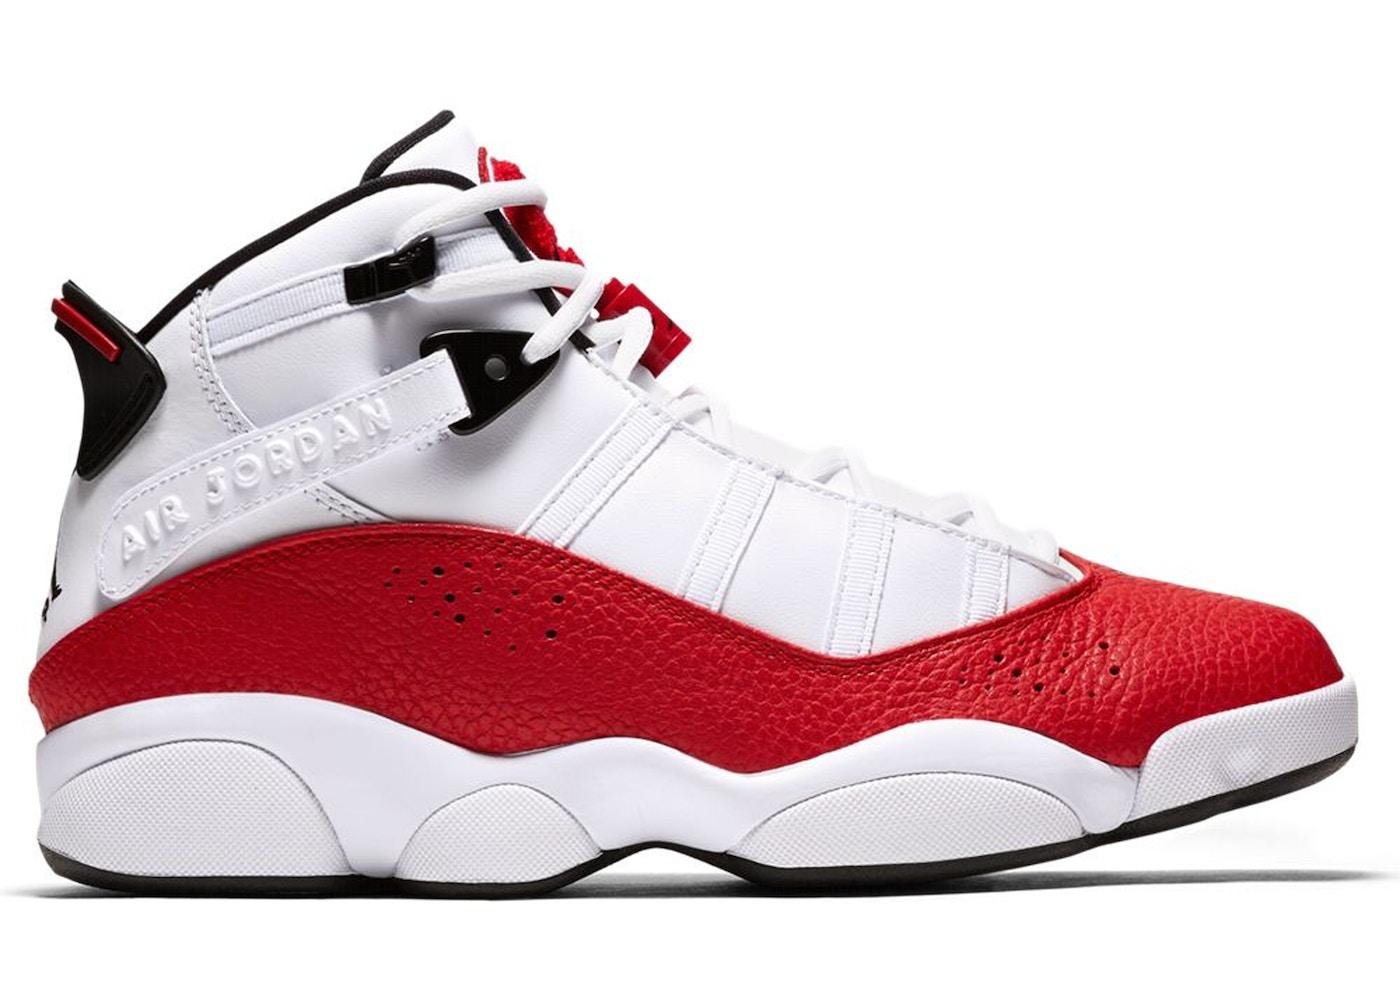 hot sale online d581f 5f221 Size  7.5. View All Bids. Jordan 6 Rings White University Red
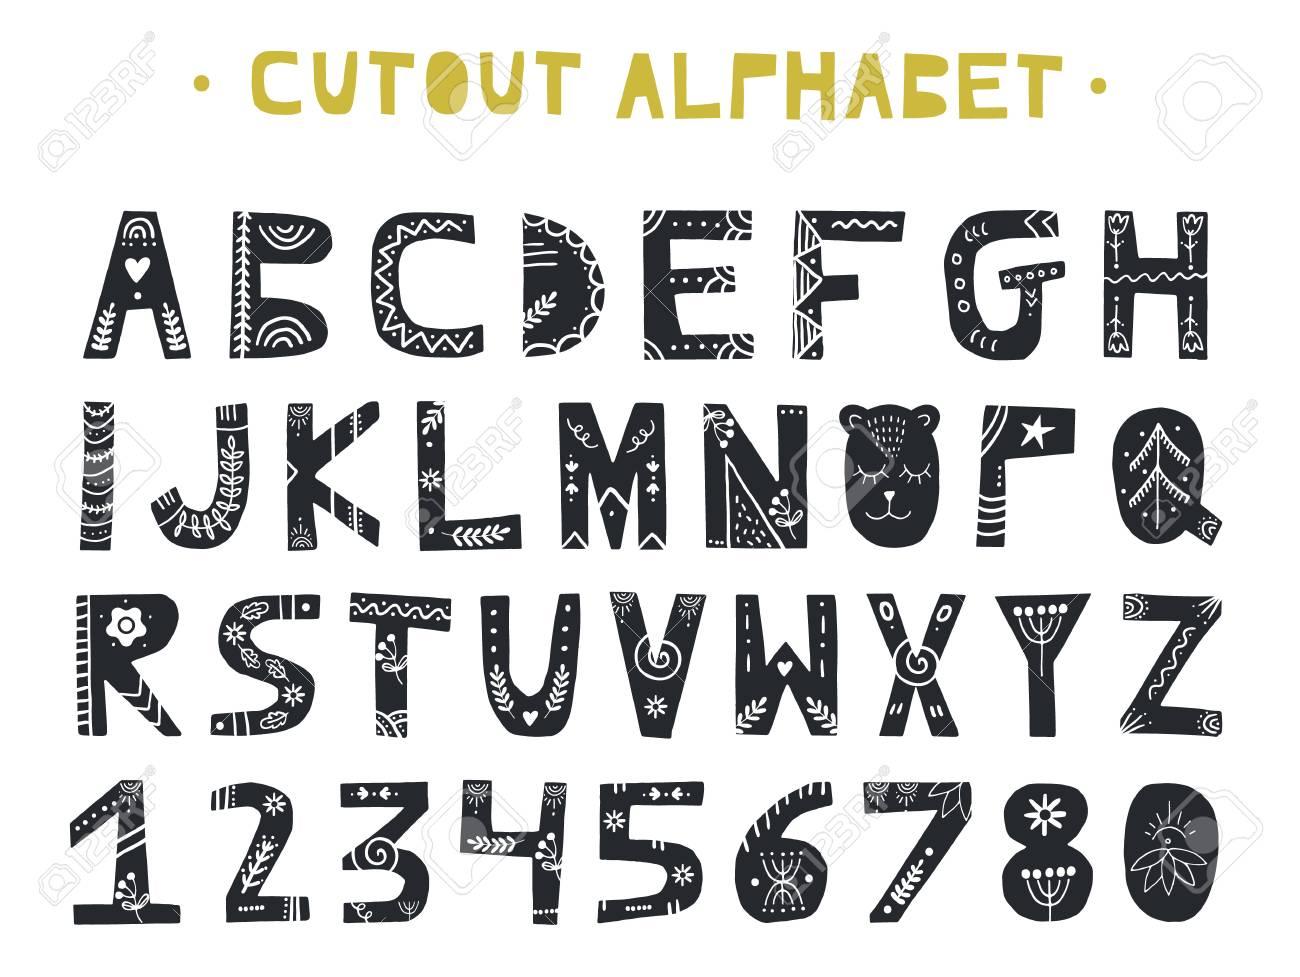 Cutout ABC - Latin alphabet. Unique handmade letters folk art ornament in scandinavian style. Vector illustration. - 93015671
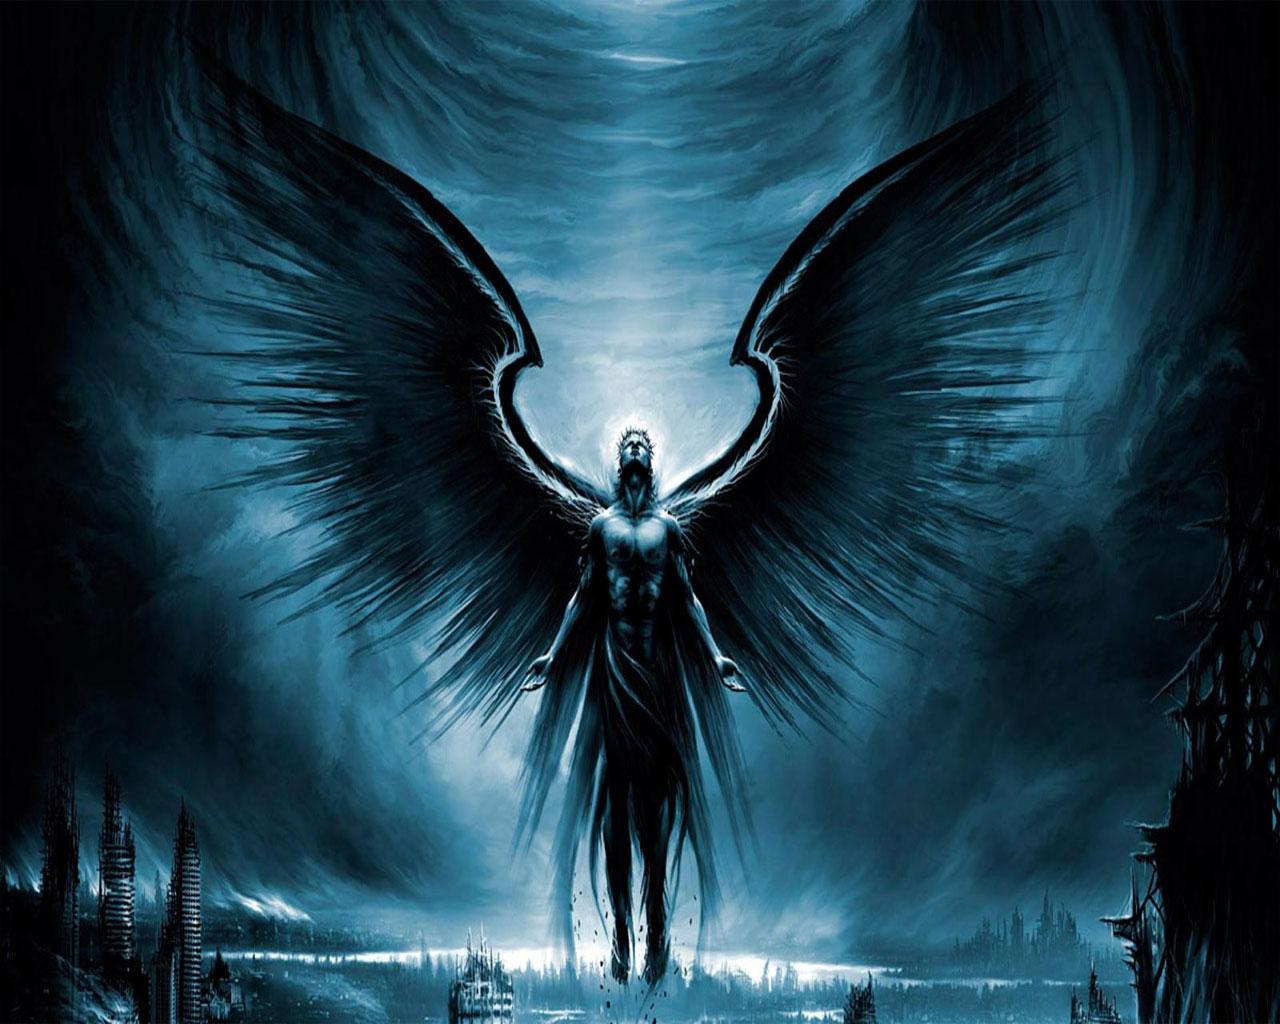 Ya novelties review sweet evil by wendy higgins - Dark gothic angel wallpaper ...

• TASK DIRECTIONS
The expected output is the full material above, unaltered, with pictures removed.

• ANSWER SECTION
 hot sale online d581f 5f221 Size  7.5. View All Bids. Jordan 6 Rings White University Red
 Cutout ABC - Latin alphabet. Unique handmade letters folk art ornament in scandinavian style. Vector illustration. - 93015671
 Ya novelties review sweet evil by wendy higgins - Dark gothic angel wallpaper ...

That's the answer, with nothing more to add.